WHAT IS REQUIRED -
Your answer should be an exact copy of the lines from the one holding "Apc Ivory Cotton Sweatshirt In White" to the end of the material below, pictures left out.

INPUT DATA -
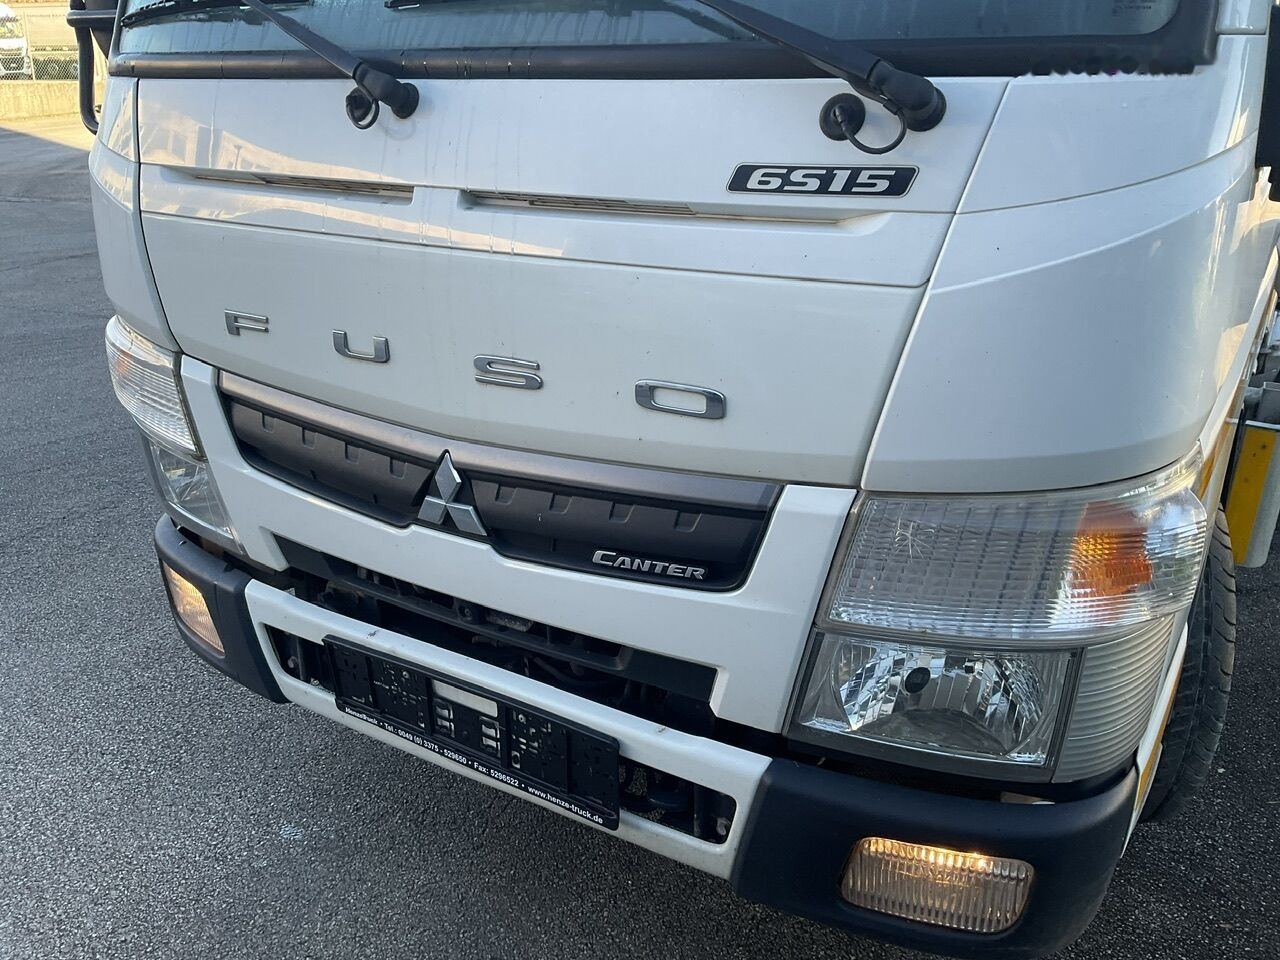 Hook lift truck Mitsubishi Fuso 6S15
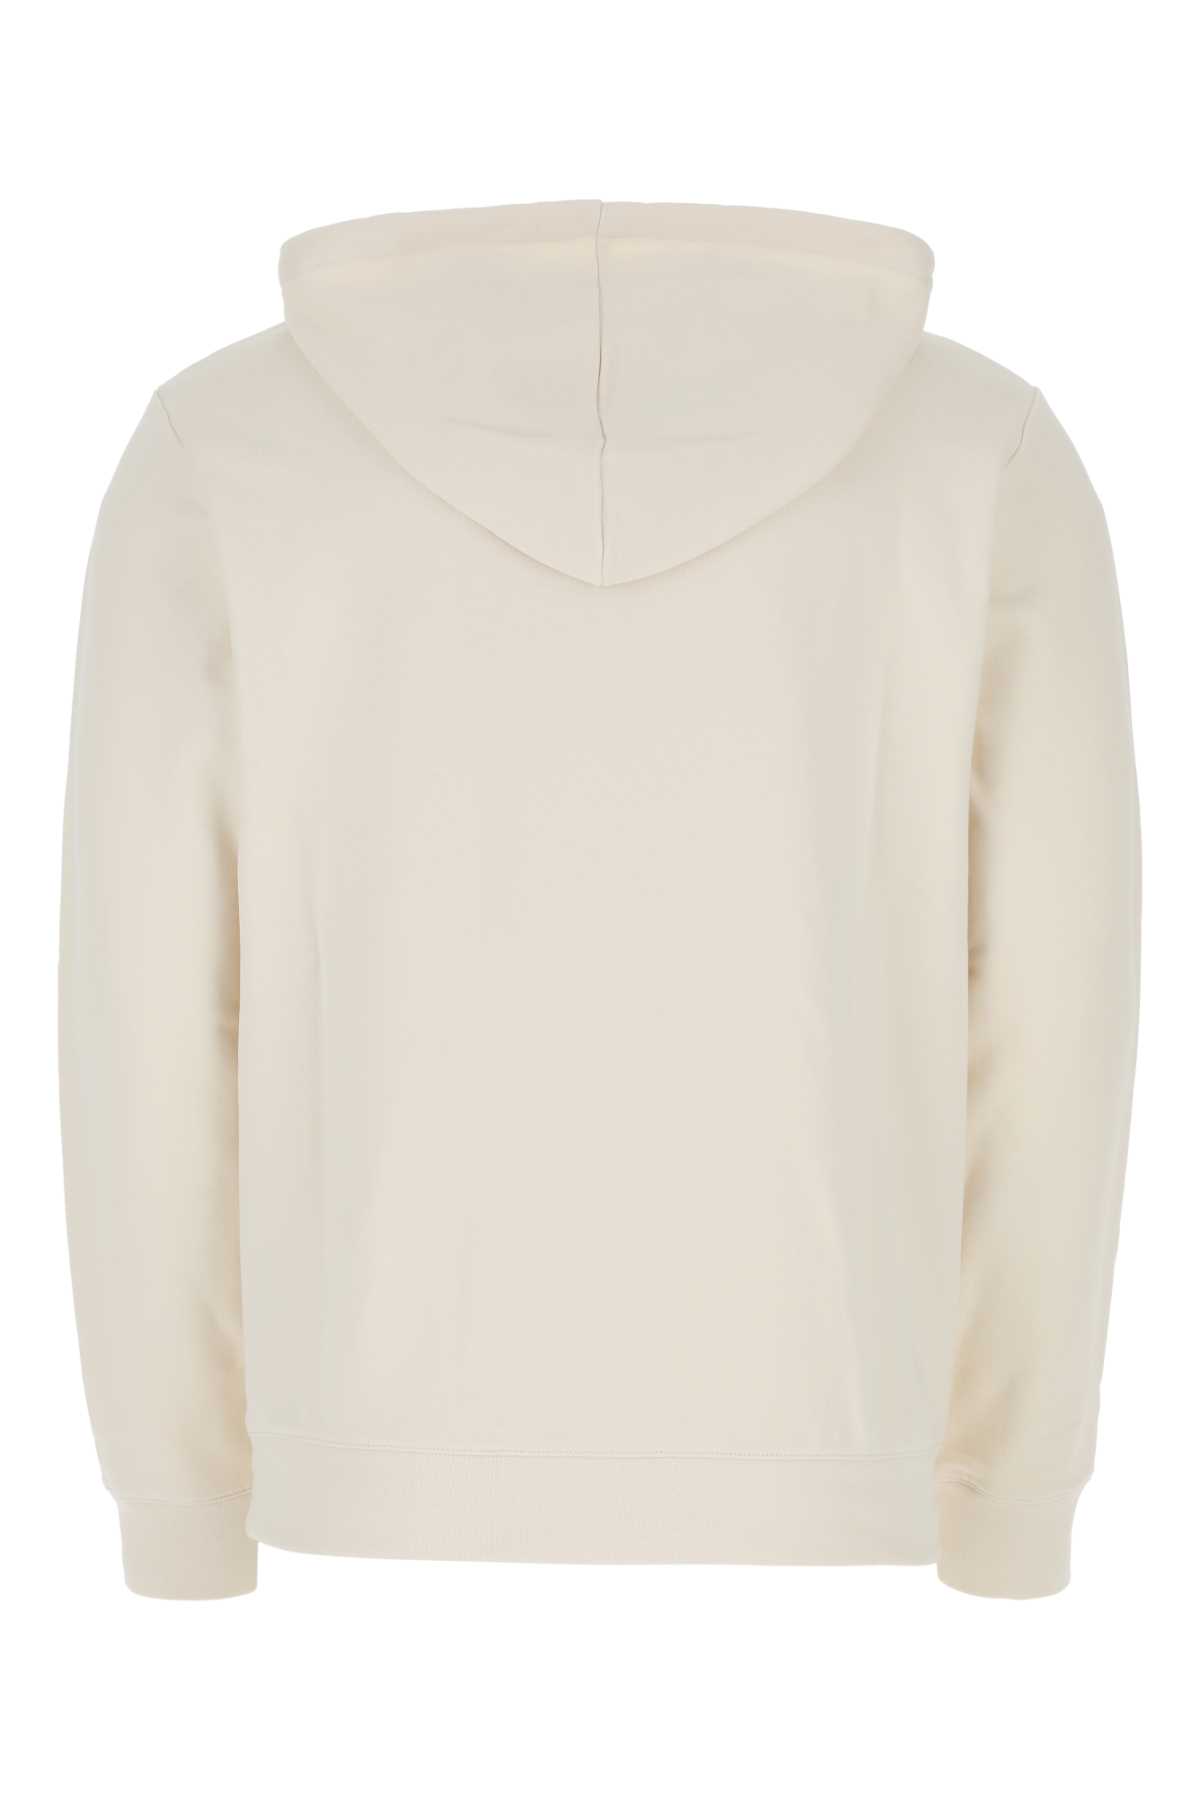 Apc Ivory Cotton Sweatshirt In White
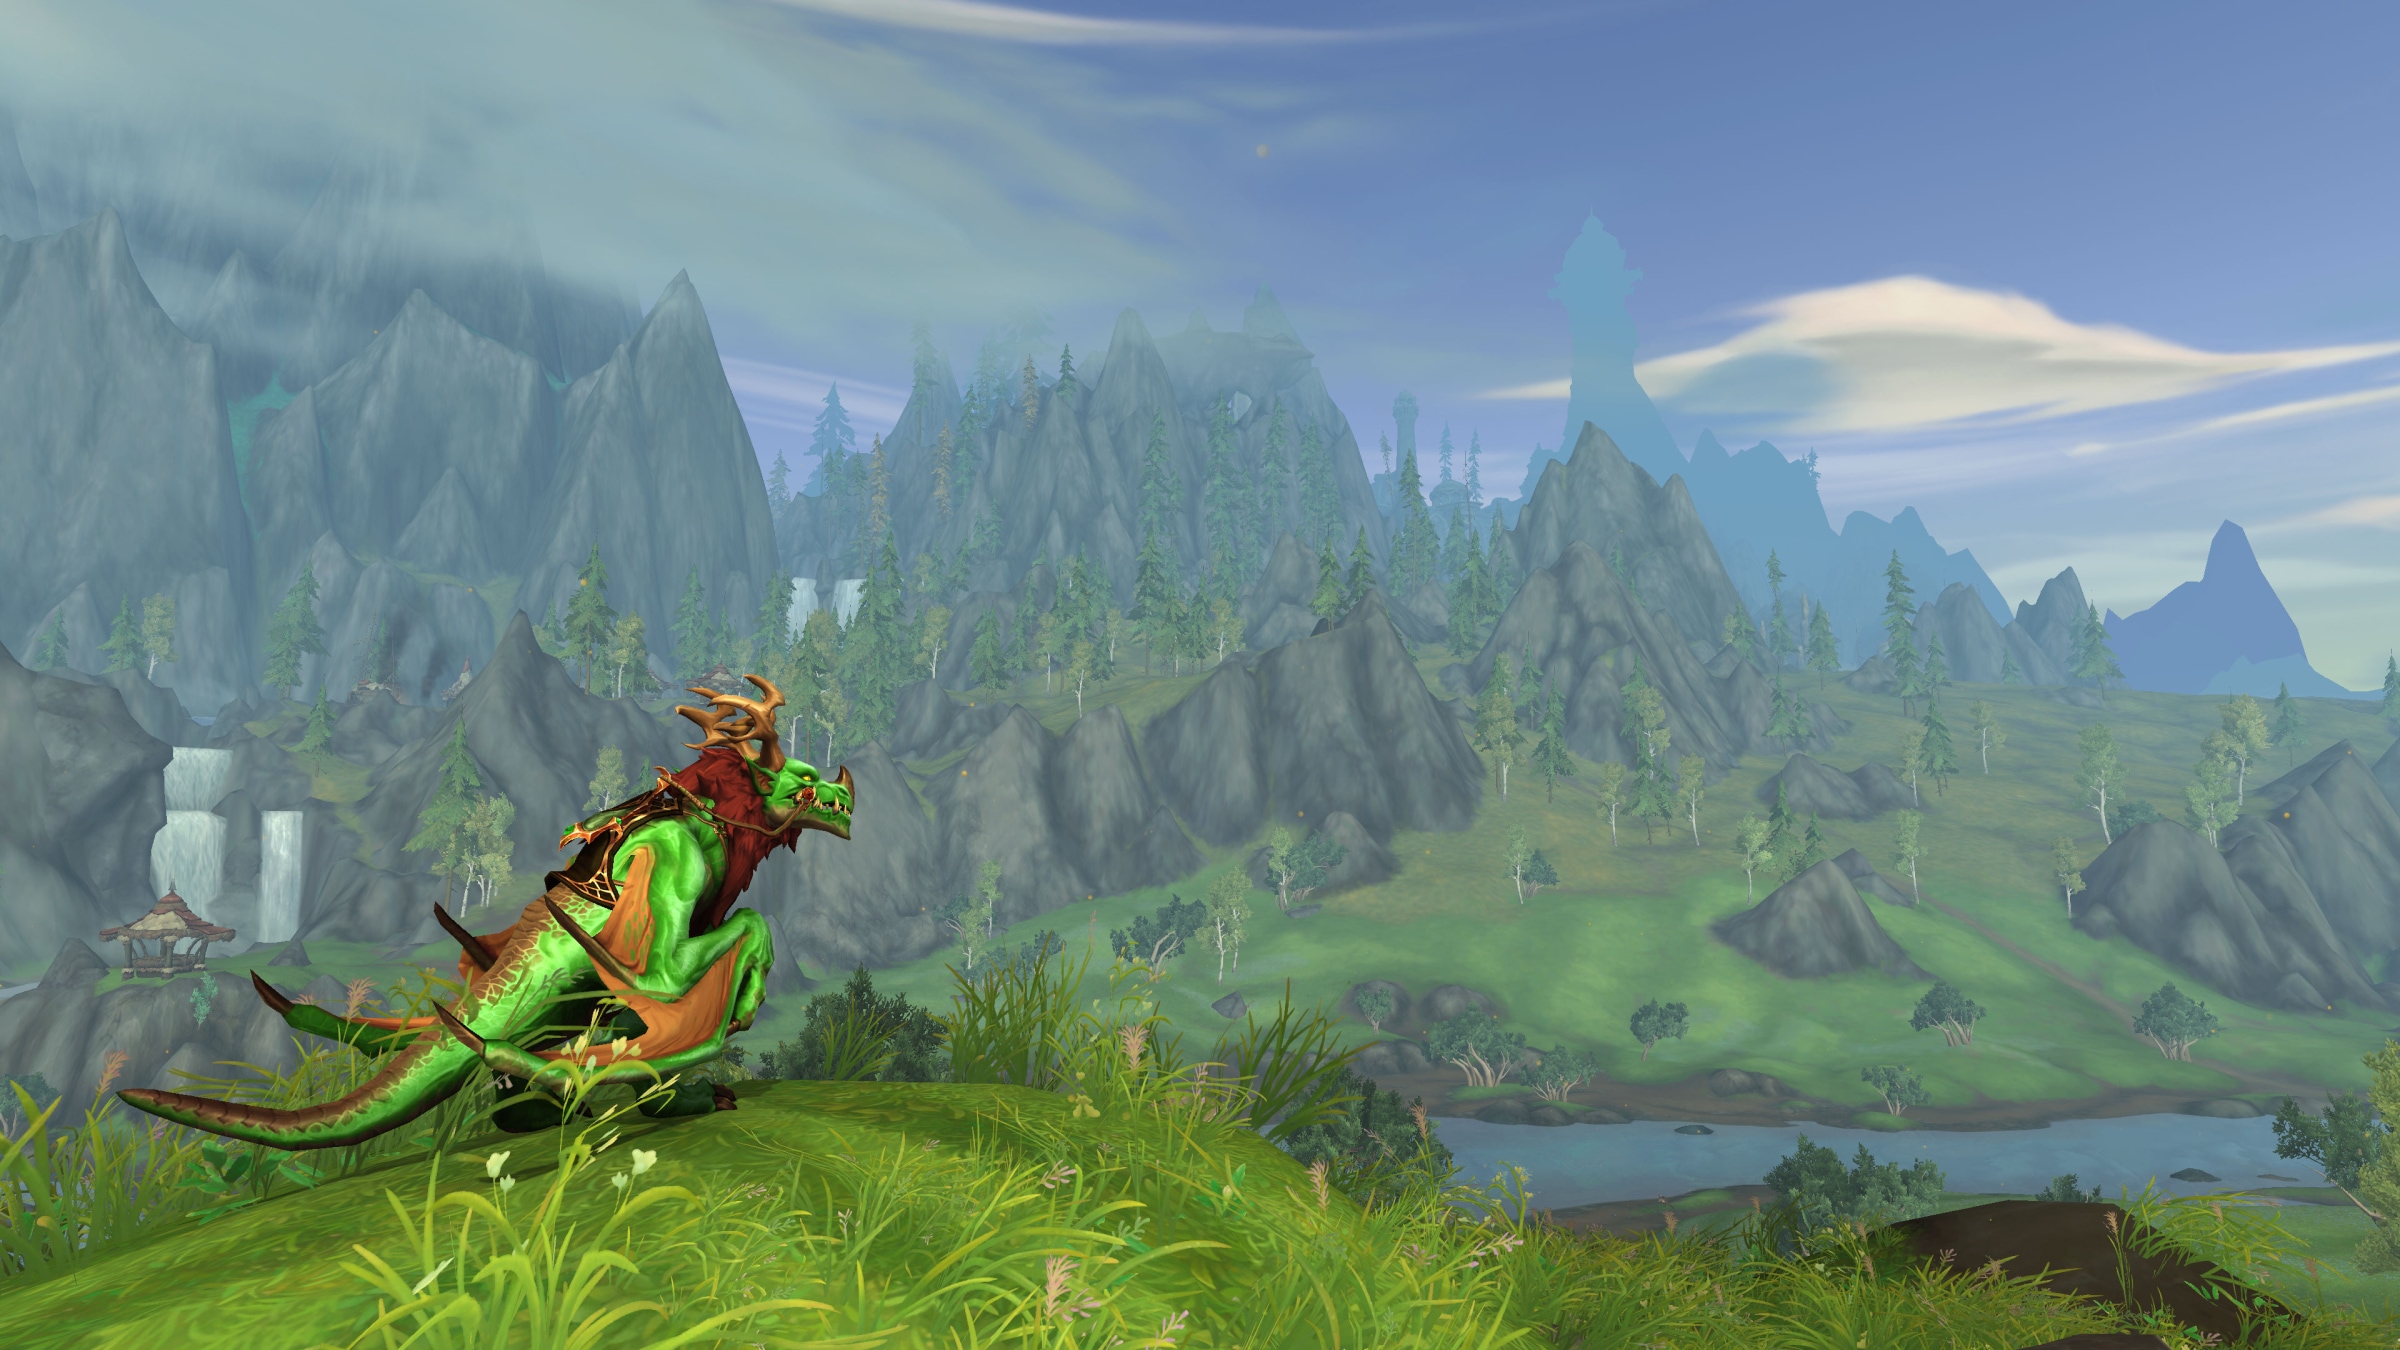 World of Warcraft News and Development Updates

TASK OUTPUT -
 Apc Ivory Cotton Sweatshirt In White
 World of Warcraft News and Development Updates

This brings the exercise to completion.